I click go and nothing really happens. The output from the measuring blocks is: 

002: 
Front sensor actual 16.5% 
Rear sensor actual 13.3% 

005 
Front sensor learned 0.0% 
Rear sensor learned 0.0% 

The sensor arms look to be in the proper position, the pictures on several websites don't really show a reference point so I could be mistaken. Can anyone provide any help in getting this resolved?


----------



## [email protected] (Jul 19, 2010)

Please post a full Auto-Scan using the latest version of VCDS. 





 
Thank you.


----------



## GTI2Slow (Jun 23, 2007)

[email protected] said:


> Please post a full Auto-Scan using the latest version of VCDS.


 All the needed information was provided in the original post, thanks anyway. 

I found that the rear sensor was the problem, I showed this to a buddy and 13.3% was way out of spec (Hover over this field in vag-com and it will provide the specs). 

Anyhoo I found my issue after goggling this: 
http://www.swankmonkey.com/vw/jetta/2006/xenon_adjustment/ 

My rear sensor was just as pictured, other websites indicate the opposite, I switched the arm direction and the rear is now in spec and the headlight adjustment works.

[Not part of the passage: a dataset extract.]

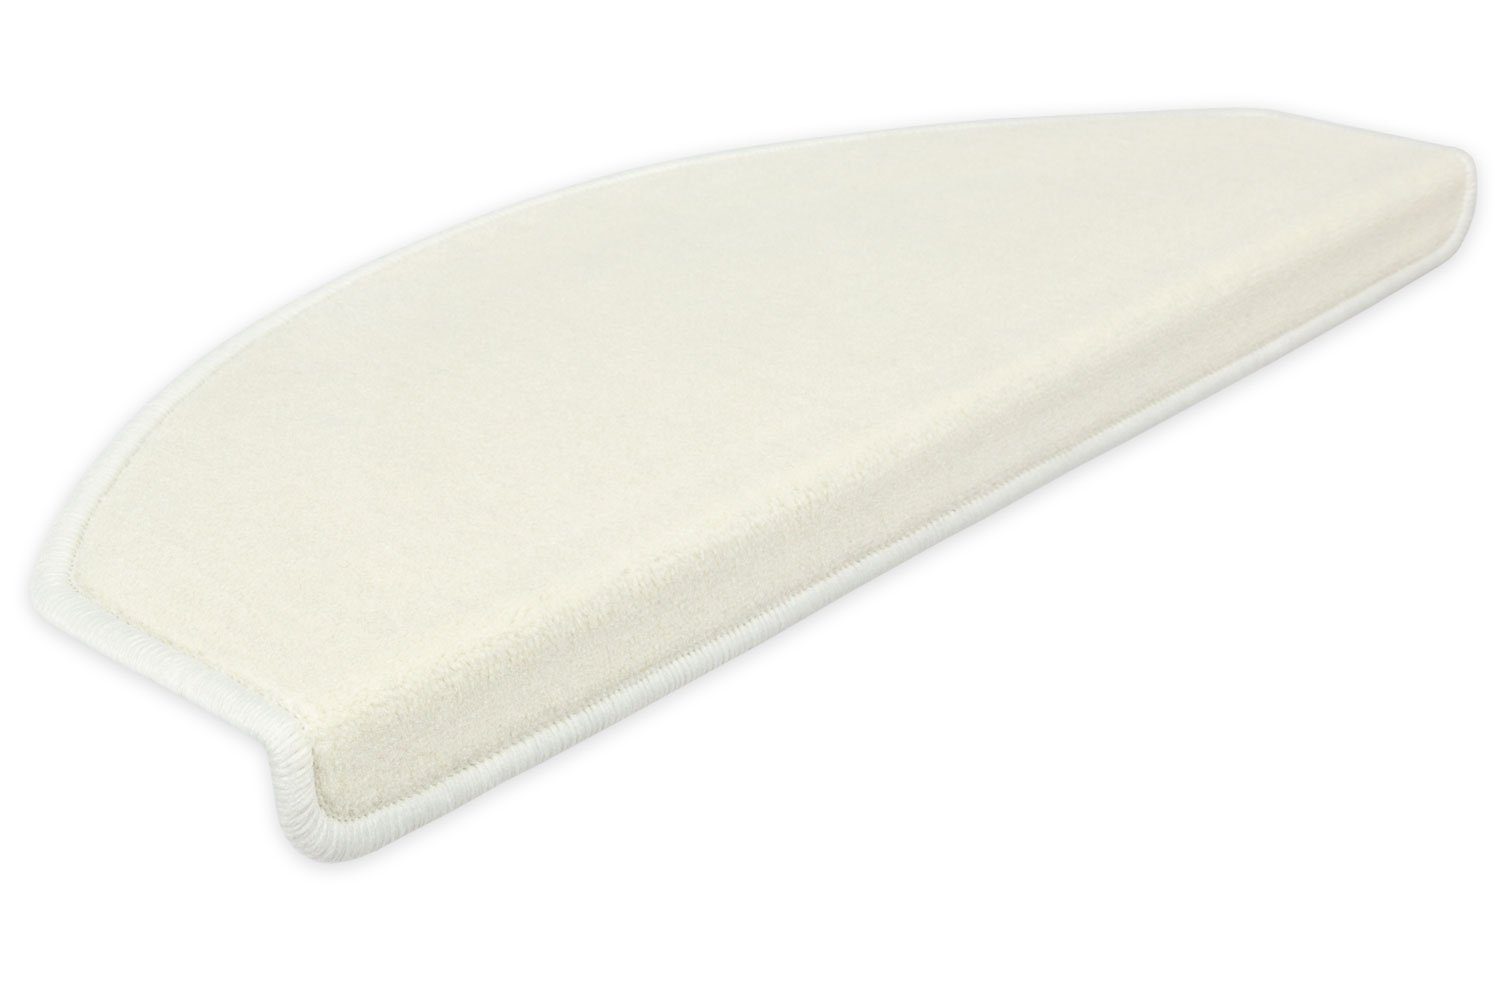 Stufenmatte Stufenmatten Vorwerk Uni Halbrund Sparset Baumwollweiß 15 Stück, Metzker®, halbrund, Höhe: 7 mm, 15 Stück im Set - Baumwollweiß

Hopefully this will help someone out in the future.


----------



## bearthebruce (Dec 23, 2005)

GTI2Slow said:


> All the needed information was provided in the original post, thanks anyway.


 Not quite. This forum's rules state: 



> 6) When posting questions involving fault codes or modifications you wish to make, please post a complete complete Auto-Scan from a current version of VCDS or VCDS-Lite. We do not wish to guess what control modules are installed in your car or how they are currently configured. If you're not using VCDS or VCDS-Lite, you're in the wrong forum. If you refuse to post a real scan, the moderators here reserve the right to lock your thread.


 In future posts here in this VCDS/VAG-COM forum, please abide by our rules. Thanks. 

Glad your problem is resolved.


----------



## matiasg85 (Mar 13, 2013)

What sholud be the right specs for rear and front? 

I have 16.9 in the fron and 30.2 in the rear.


----------